Manually-raised DataHub incidents on the same dataset are untouched. Qualytics only manages incidents whose title starts with Qualytics:.
When You Resolve Anomalies in Qualytics
Archiving or resolving anomalies in Qualytics automatically triggers a push to DataHub when Event Driven is on. The corresponding DataHub Incident transitions to Resolved within about 10 seconds. No manual sync is required.
External Tags
When you pull metadata from DataHub, any tags on DataHub datasets are imported into Qualytics as external tags. These are visually distinct from regular Qualytics tags, so you can easily tell which labels came from your data catalog. Hovering over an external tag in Qualytics shows the source integration.

How external tags work:
- Tags from DataHub are automatically linked to the matching Qualytics resource (datastore, table, or column)

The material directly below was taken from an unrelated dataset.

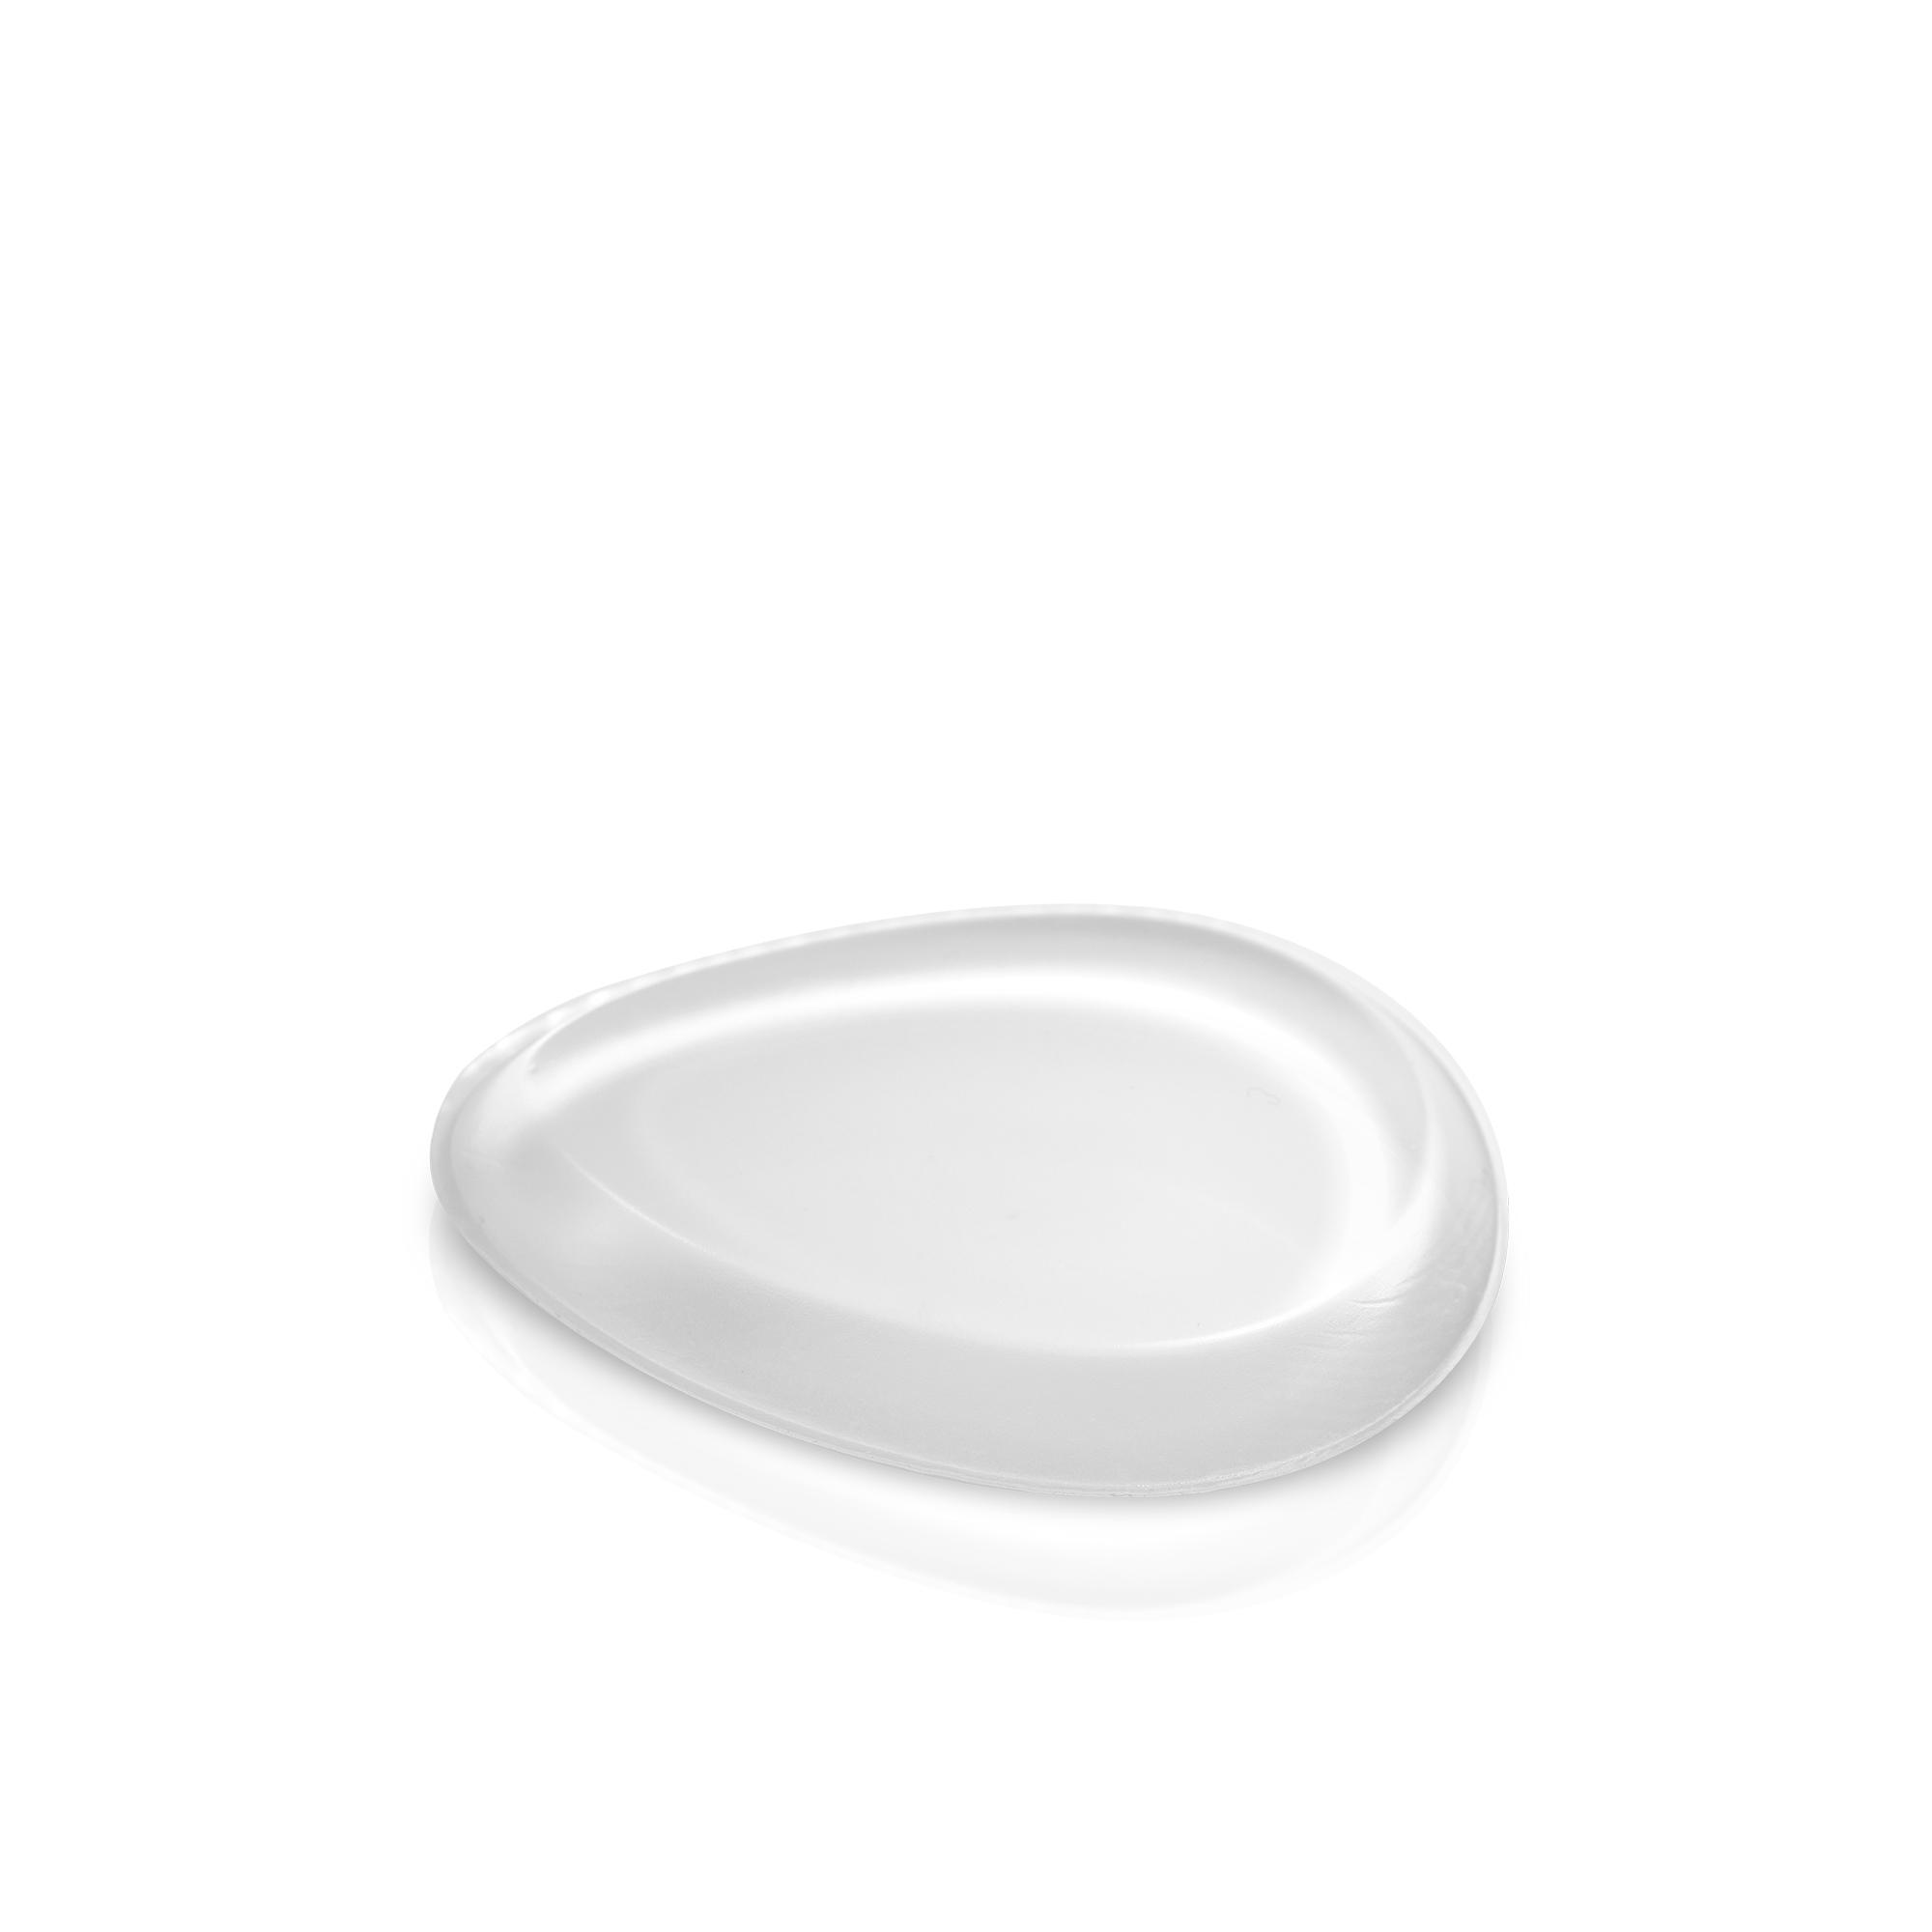 Esponja silicona de maquillaje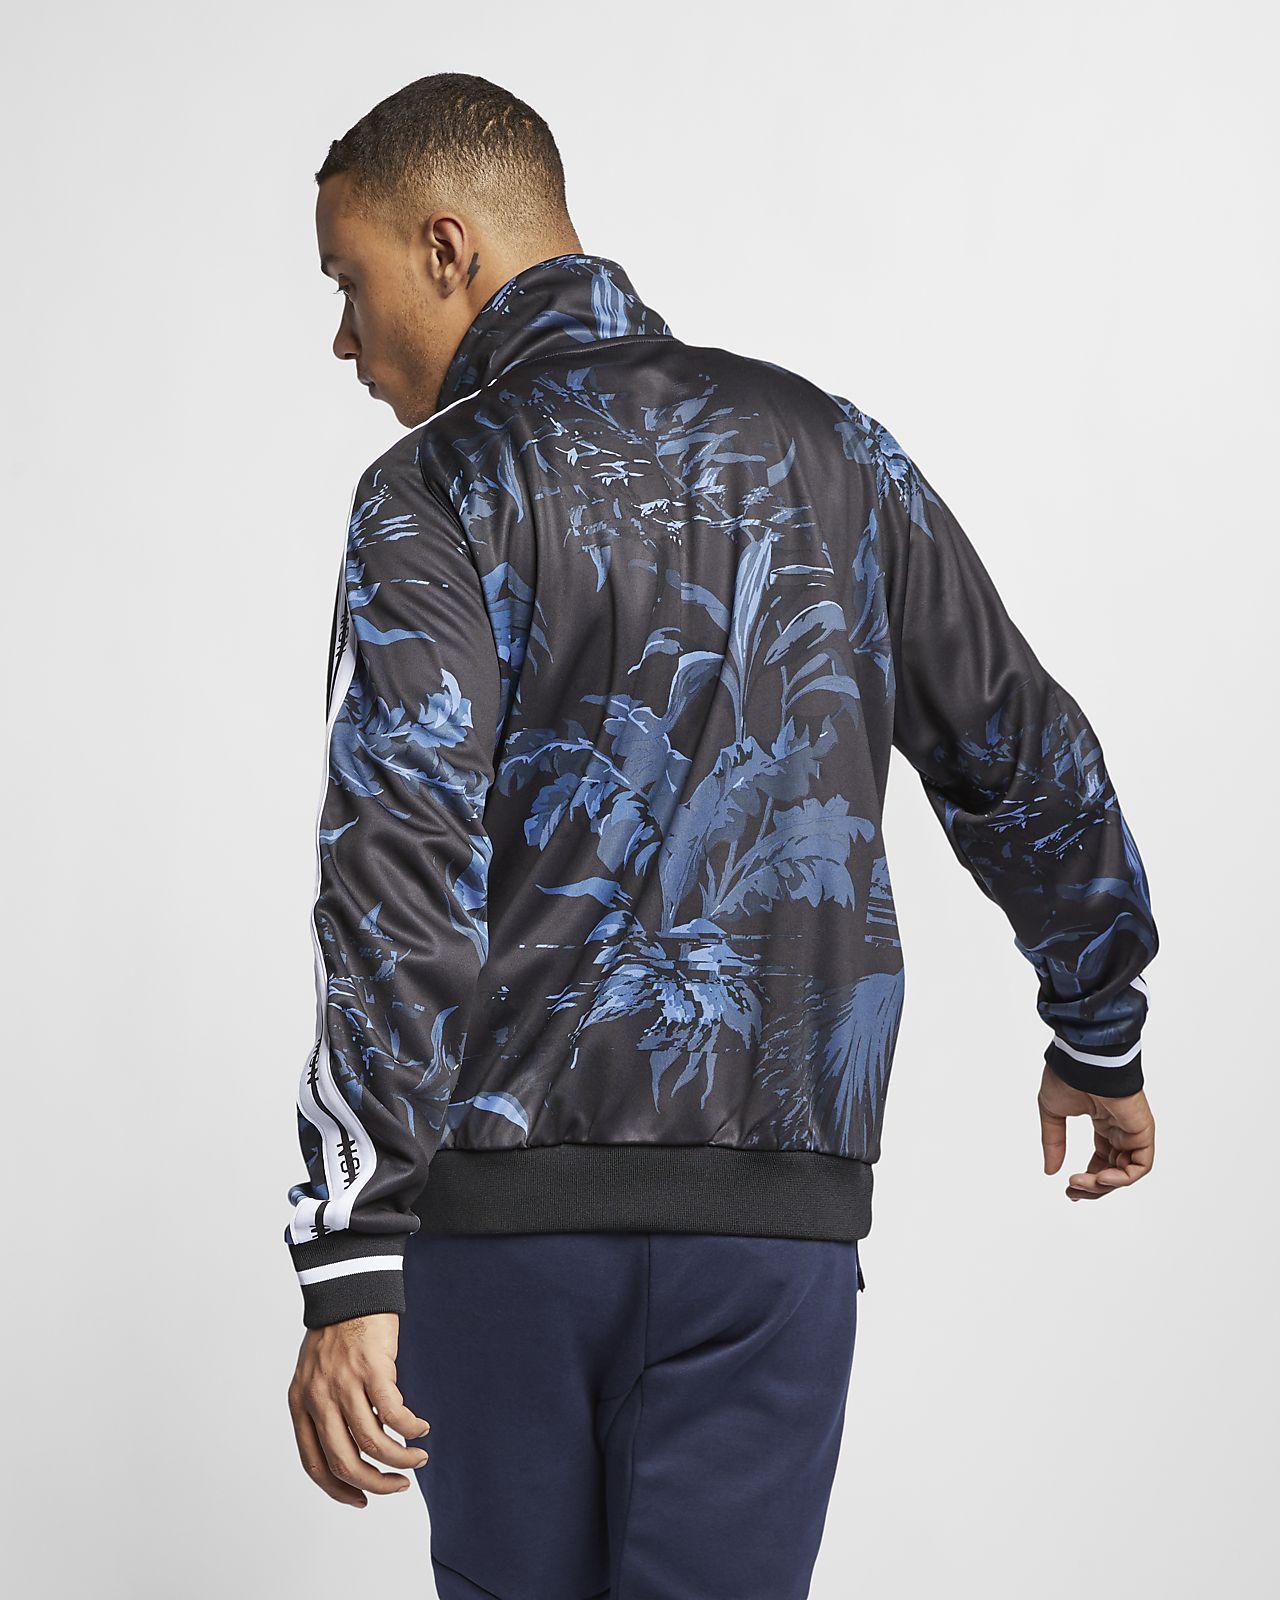 8827614c3cab1a Nike Sportswear NSW Men s Printed Track Jacket. Nike.com ID

- If a tag is removed from a DataHub dataset, it will also be removed from Qualytics on the next sync
- Tags that no longer exist in DataHub are automatically cleaned up
- External tags on tables do not automatically carry over to their columns
Tip
Use the Overwrite Tags setting to control what happens when both platforms have tags with the same name. When off, the existing Qualytics tag is kept and the DataHub tag is skipped. When on, the existing tag is converted into an external tag managed by DataHub. For more details, see Overwrite Tags.
Known Limitations
As a Beta integration, there are some limitations to be aware of:
| Limitation | Details |
|---|---|
| Database-type datastores only | Only database datastores (e.g., PostgreSQL, Snowflake, BigQuery) are supported for sync. File-based datastores are not yet included. |
| Push-only for event-driven sync | When Event Driven is turned on, Qualytics only pushes data to DataHub. Pulling tags from DataHub still requires a manual sync. |
| Name-based asset matching | Qualytics matches assets by case-insensitive dotted-suffix comparison on the qualified name (database.schema.table.field). If naming conventions differ between DataHub and your datastores, some assets may not match automatically. |
| No column-level tag pull for all catalogs | Tags are pulled at the datastore, table, and column level, but the depth of tag coverage depends on how your DataHub datasets are tagged. |
| Single sync at a time | Only one sync can run at a time per integration. If a sync is already in progress, you'll need to wait for it to finish or cancel it before starting a new one. |
| No custom attribute mapping | The set of values pushed to DataHub is fixed (Quality Score Total, 8 dimension scores, Active Checks, Active Anomalies, and the Qualytics URL). Custom attribute mapping is not yet supported. |
Info
We're actively improving the DataHub integration based on customer feedback. If you run into a limitation that impacts your workflow, please reach out to the Qualytics support team so we can prioritize it.
Troubleshooting
Common Issues
| Issue | Possible Cause | What to Do |
|---|---|---|
| Authentication Failed | Invalid or expired token | Double-check that the Personal Access Token is correct and has not expired. Generate a new token in DataHub if needed. |
| Sync Completes but Nothing Appears in DataHub | Wrong domains selected | Make sure the domains you selected actually contain the datasets that correspond to your Qualytics datastores. |
| Sync Failed | Connection issue | Confirm that your DataHub URL is correct and that Qualytics can reach it over the network. |
| Some Assets Not Updated | No matching assets found | Check that the dataset names in DataHub match the names used in your Qualytics datastores. |
| Structured Properties Not Showing in DataHub | Permission issue | Make sure the token has sufficient permissions to create Structured Property definitions and to apply them to datasets and schema fields. |
| Sync Takes Too Long | Too many assets in scope | Narrow your domain selection to focus on the most important assets. You can always cancel and retry with a smaller scope. |
Tip
You can view detailed sync logs by clicking on the DataHub integration card. The logs show a summary for each datastore, including how many tables, columns, and tags were synced, along with any errors.
Examples
Asset Matching Example
The following example shows how Qualytics maps a BigQuery project to DataHub assets during synchronization.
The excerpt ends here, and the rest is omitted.